Vous ne pouvez pas influencer directement la décision des partenaires sociaux, mais vous pouvez :
- Surveiller vos dépenses pour limiter l’impact de la perte de pouvoir d’achat
- Vérifier vos prélèvements sociaux pour être sûr de ne pas payer trop de CSG
- Solliciter des aides sociales si vos revenus sont modestes (allocation logement, aide au paiement de la complémentaire santé…)
Bon à savoir : Si vous avez des difficultés financières, l’action sociale de l’AGIRC-ARRCO propose des aides ponctuelles : aide au retour à domicile après hospitalisation, aide au financement de travaux, aide à l’équipement… Renseignez-vous sur le site officiel ou auprès de votre caisse de retraite.

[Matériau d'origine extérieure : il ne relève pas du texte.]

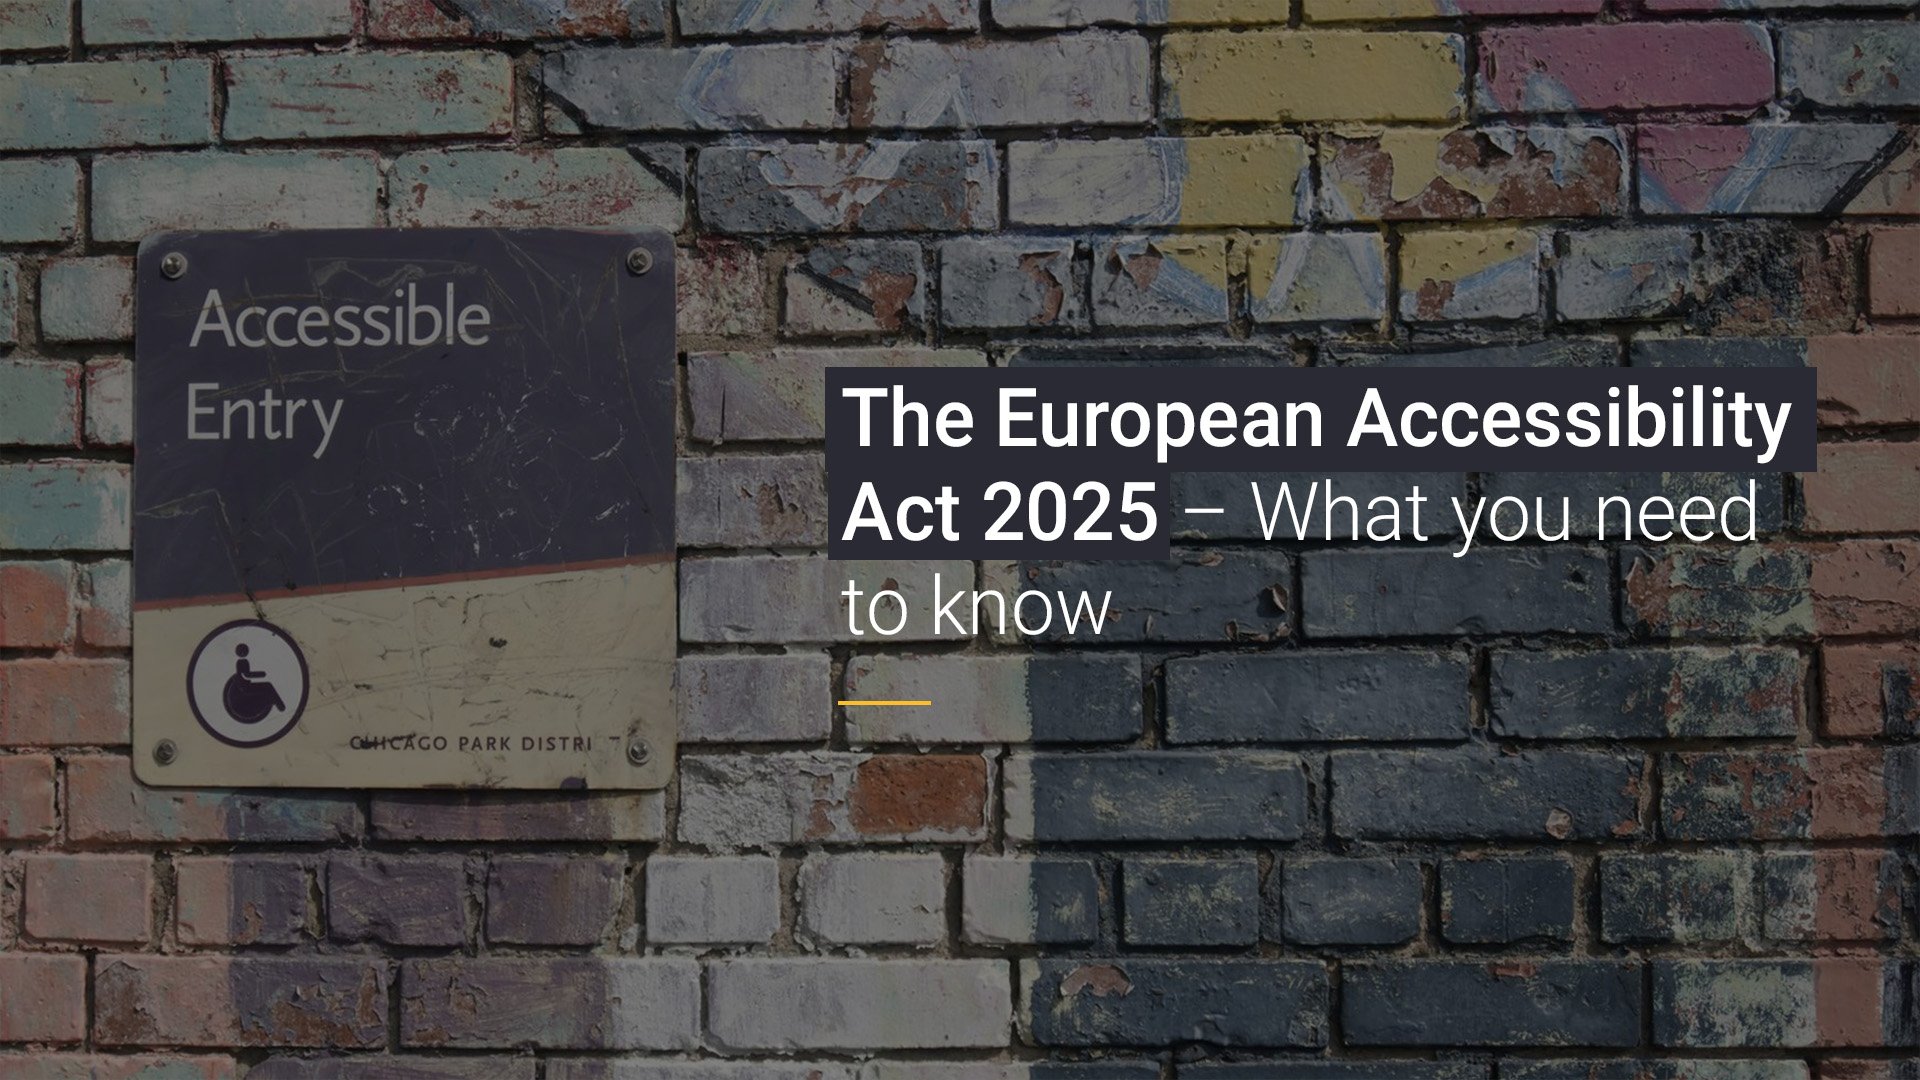 Picture of an accessible entry sign with the text "The European Accessibility Act 2025 – What" on it

Comparaison avec les années précédentes
Pour mieux comprendre la situation actuelle, voici l’évolution de la valeur du point AGIRC-ARRCO ces dernières années :
| Date | Valeur du point | Augmentation |
|---|---|---|
| Novembre 2023 | 1,3498 € | - |
| Novembre 2024 | 1,4386 € | +1,6 % |
| Novembre 2025 | 1,4386 € | 0 % (gel) |
| 2026 (maintien) | 1,4386 € | 0 % (gel confirmé) |
Depuis 2019, c’est la première année où aucune augmentation n’a été décidée. Les années précédentes, même en période de tension budgétaire, des revalorisations avaient toujours été appliquées.
Attention : Ce gel n’est pas compensé automatiquement l’année suivante. Si une augmentation de 0,8 % est décidée en novembre 2026, elle s’appliquera sur la base de 1,4386 €, et non sur ce que la valeur “aurait dû être” en 2026 avec une revalorisation.
En résumé
Le gel des retraites complémentaires AGIRC-ARRCO en 2026 est une situation inédite qui touche 14 millions de retraités du secteur privé. Votre pension reste identique jusqu’au 31 octobre 2026, avec un point à 1,4386 €.
Les raisons de ce blocage sont claires : un désaccord entre syndicats et patronat sur le niveau de revalorisation à appliquer. Les conséquences le sont tout autant : une perte de pouvoir d’achat pour tous les bénéficiaires, particulièrement marquée pour les anciens cadres.
La prochaine occasion de revalorisation interviendra à l’automne 2026, mais rien ne garantit qu’un accord sera trouvé. En attendant, restez attentif à vos prélèvements sociaux et n’hésitez pas à solliciter l’action sociale de l’AGIRC-ARRCO si votre situation l’exige.
Prochain rendez-vous : automne 2026 pour connaître la décision des partenaires sociaux sur l’année 2026-2027.